Note that the limit \(r(x)\) in this case is a function of \(x\). When taking the limit, though, treat \(x\) as fixed. By the Ratio Test the power series will then converge for all \(x\) such that \(r(x) < 1\), and diverge when \(r(x)>1\). When \(r(x)=1\) the test is inconclusive, so you would have to check those cases individually to see if those values of \(x\) should be added to the interval of convergence (along with the points where \(r(x) < 1\)).

Many physical applications—especially those involving oscillations and mechanical vibrations—involve solving differential equations of the form

\[\label{eqn:besseldiffeq} \frac{d^2y}{\dx^2} \;+\; \frac{1}{x}\,\dydx \;+\; y ~=~ 0 ~~, \]

known as Bessel’s equation. This equation has a solution \(J_0(x)\), known as Bessel’s function of order zero,¹⁰ defined in terms of a power series:

\[\label{eqn:besselzero} J_0(x) ~=~ \bigsum{n = 0}{\infty}~ (-1)^n\,\frac{x^{2n}}{(n\,!)^2\,\cdot\,2^{2n}} ~=~ 1 \;-\; \frac{x^2}{2^2} \;+\; \frac{x^4}{2^2 \,\cdot\, 4^2} \;-\; \frac{x^6}{2^2 \,\cdot\, 4^2 \,\cdot\, 6^2} \;+\; \cdots \]

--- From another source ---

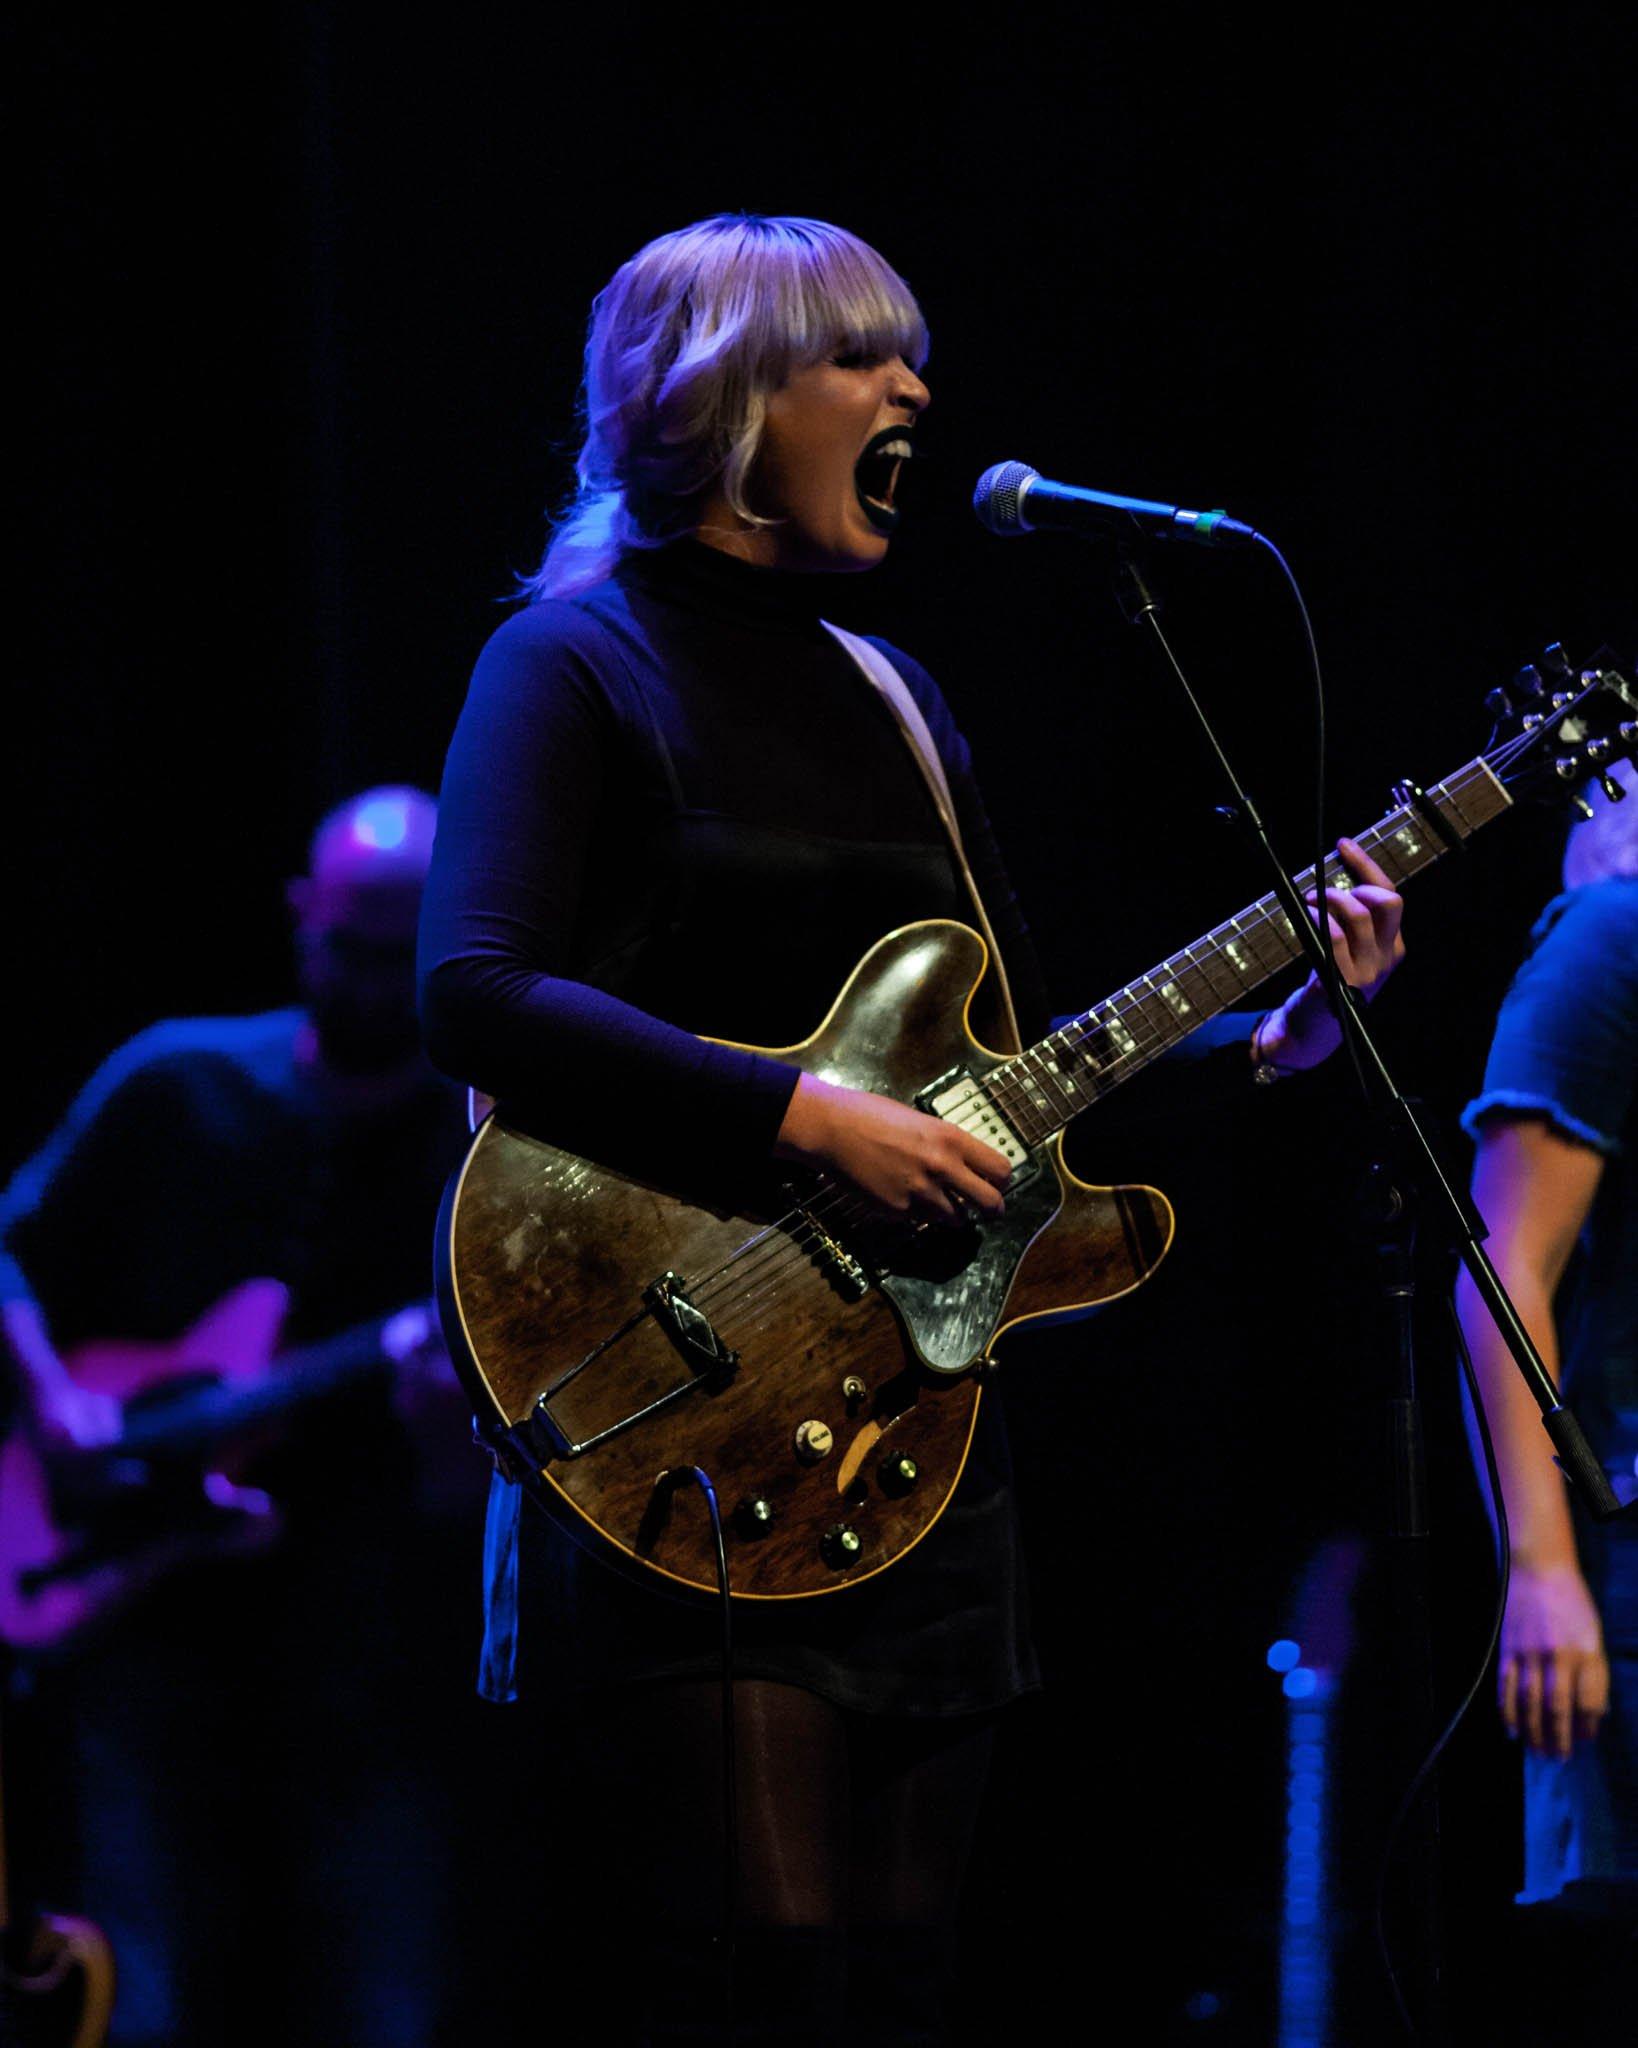 Elizabeth Moen playing at The Englert Theatre in Iowa City
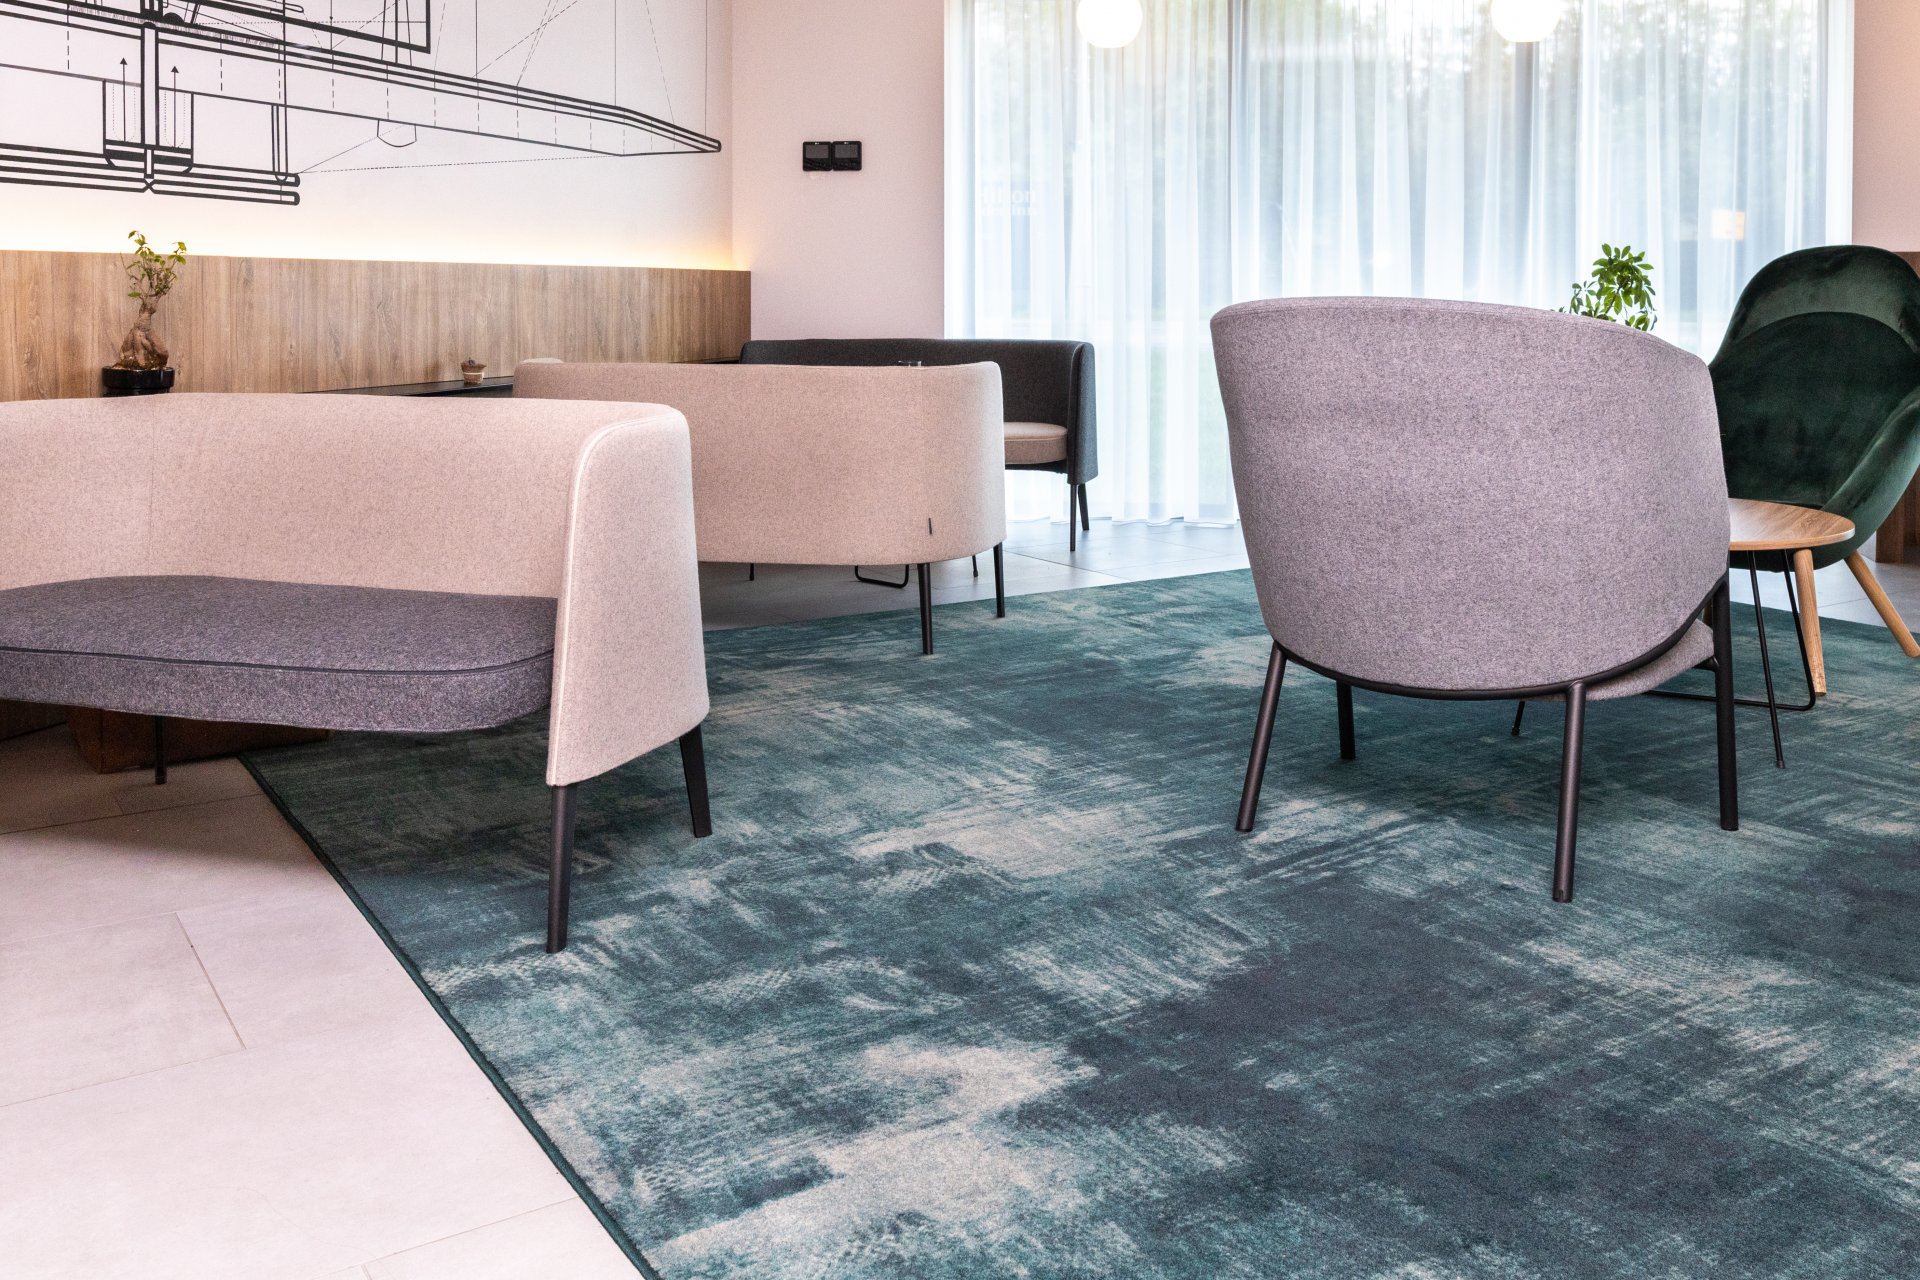 20200625-carpet-and-more-hilton-otopeni-34

The Ratio Test shows that \(J_0(x)\) converges for all \(x\), since for any fixed \(x\),

\[r(x) ~=~ \lim_{n \to \infty} \;\left|\dfrac{(-1)^{n+1}\,\dfrac{x^{2n+2}}{((n+1)\,!)^2\,\cdot\,2^{2n+2}}} {(-1)^n\,\dfrac{x^{2n}}{(n\,!)^2\,\cdot\,2^{2n}}}\right| ~=~ x^2 \;\cdot\; \lim_{n \to \infty} \;\Biggl|\frac{1}{4\,(n+1)^2}\Biggr| ~=~ 0 ~<~ 1 ~. \nonumber \]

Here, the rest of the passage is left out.